Secondo me usare l'esempio dell'inglese non è calzante. Come molte parole colte "equal" è stato preso dal latino, forse attraverso il francese (non lo so). I prestiti linguistici tendono a non seguire l'evoluzione fonetica della lingua. Per esempio, in italiano abbiamo, per rimanere ad un esempio di questo forum, _fuoco_ e _focus_: in origine erano la stessa parola, ma _fuoco_ ha subito tutta l'evoluzione dal latino classico al latino medievale all'italiano mentre _focus_ è stato semplicemente reintrodotto in italiano dal latino classico (probabilmente attraverso l'inglese o il francese).
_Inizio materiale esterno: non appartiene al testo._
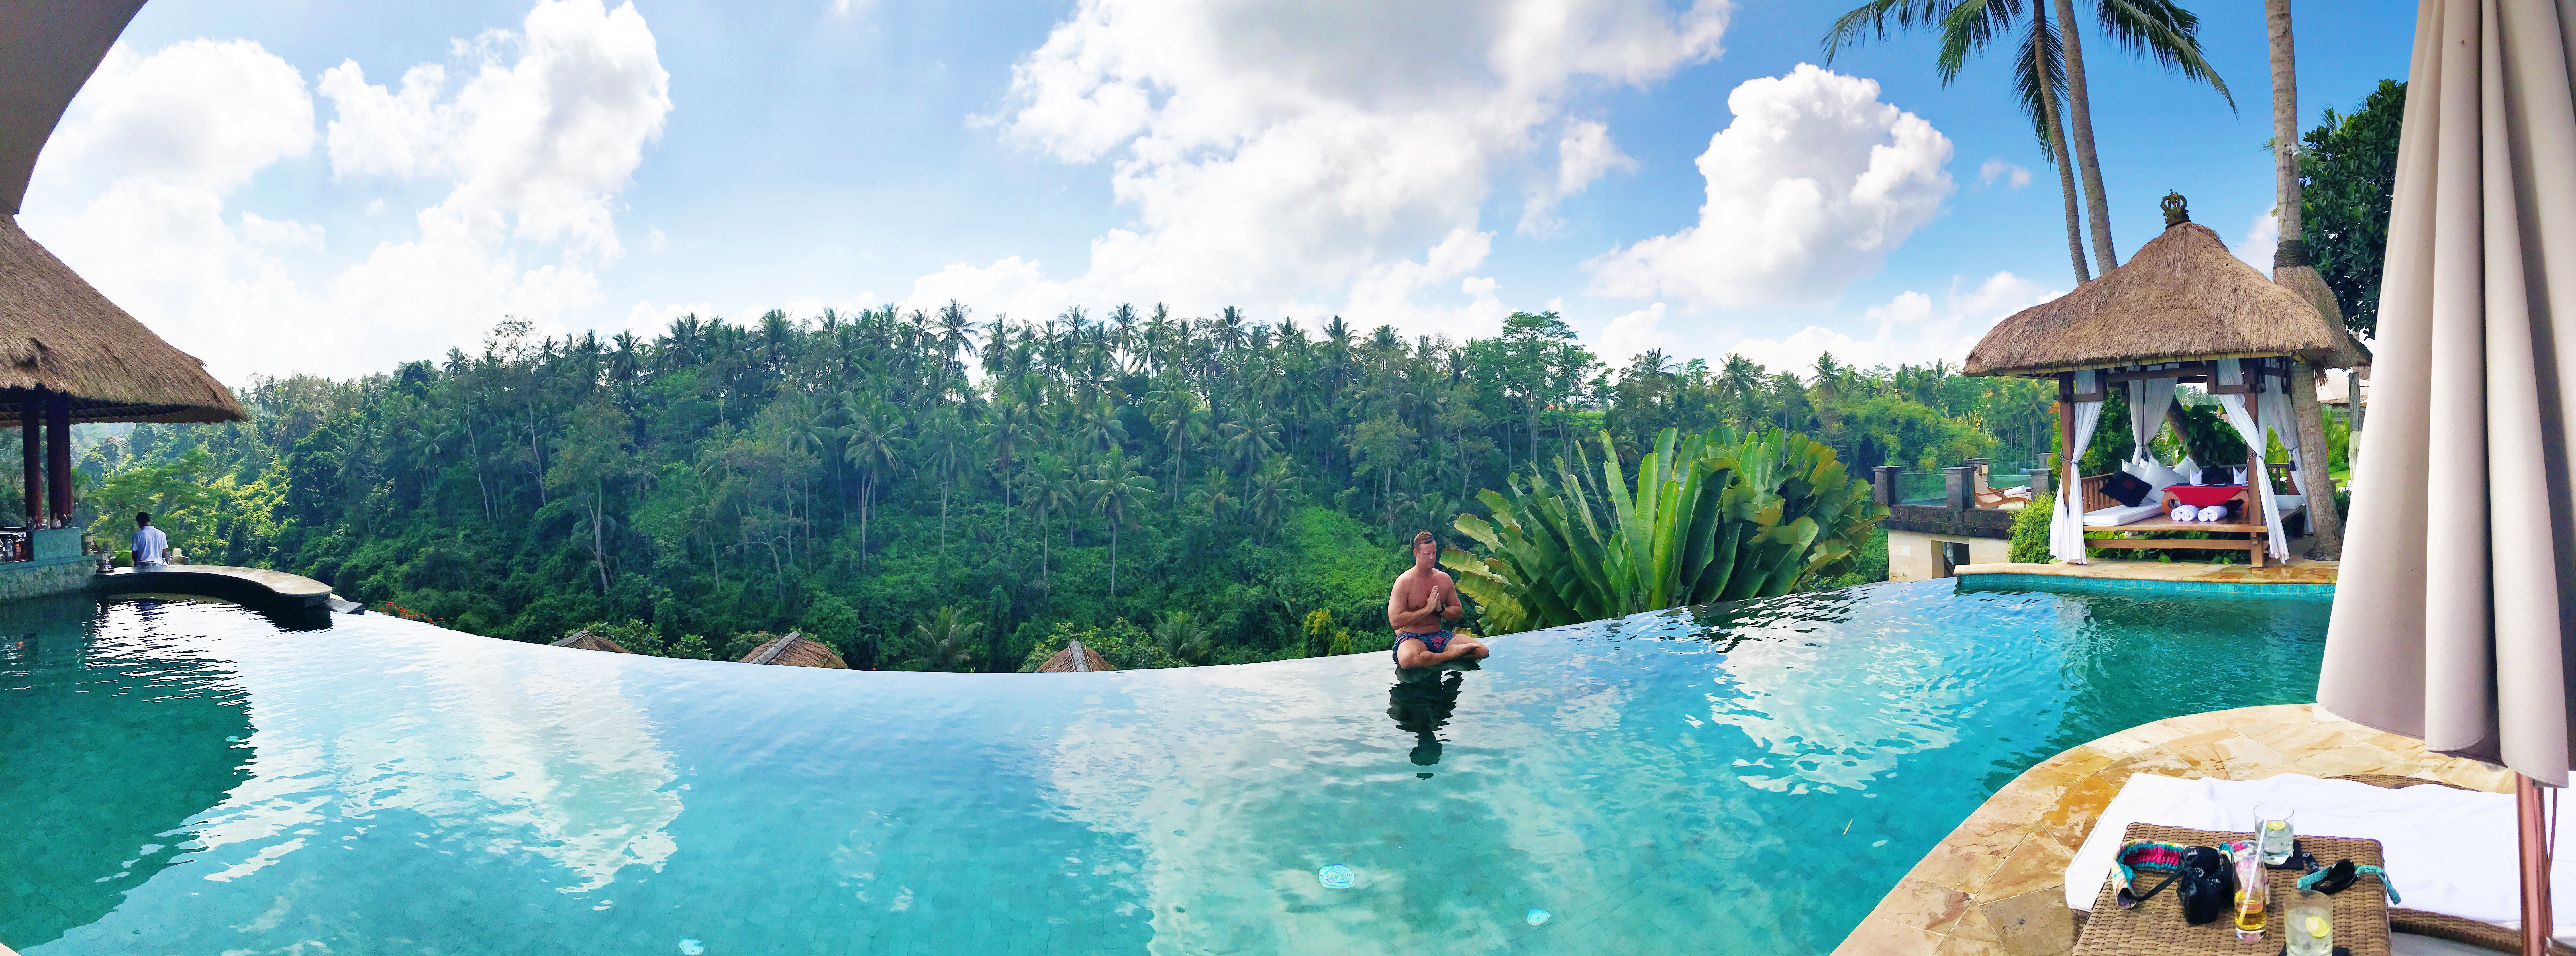 Our Stay At Viceroy Bali - Ubud, Bali, Indonesia - The Viceroy Bali, Luxury Hotel - Communikait

Alla fine, mi sembra che solo in francese si sia mantenuta la E, mentre in spagnolo e in italiano essa si è evoluta in I o U.
Credo, ma questa è solo una mia supposizione, che dipenda anche dal fatto che mentre _igual_ e _uguale_ sono parole molto usate nella parlata quotidiana, in francese _égal_ ha un significato leggermente più aulico.

Mi spiego. Per dire "è lo stesso", "fa lo stesso", in Italiano si dice comunemente: _è uguale_
In spagnolo, analogamente, è usatissimo: _me da igual_
In francese invece si dice più comunemente: _(c'est) pareil_
Mentre_ égal _si usa in frasi più solenni tipo: _tous les hommes naissent et demeurent libres et égaux_ (pl. di _égal_) = Tutti gli uomini nascono e rimangono liberi ed eguali*.
Certo, si sente anche dire: _ça me fait égal = fa lo stesso_
Ma secondo me questo è un uso più recente.
Altro esempio, _siete tutti uguali = vous êtes tous pareils _(Detto in tono scherzoso, come per rinfacciare qualcosa; in spagnolo non so come renderla).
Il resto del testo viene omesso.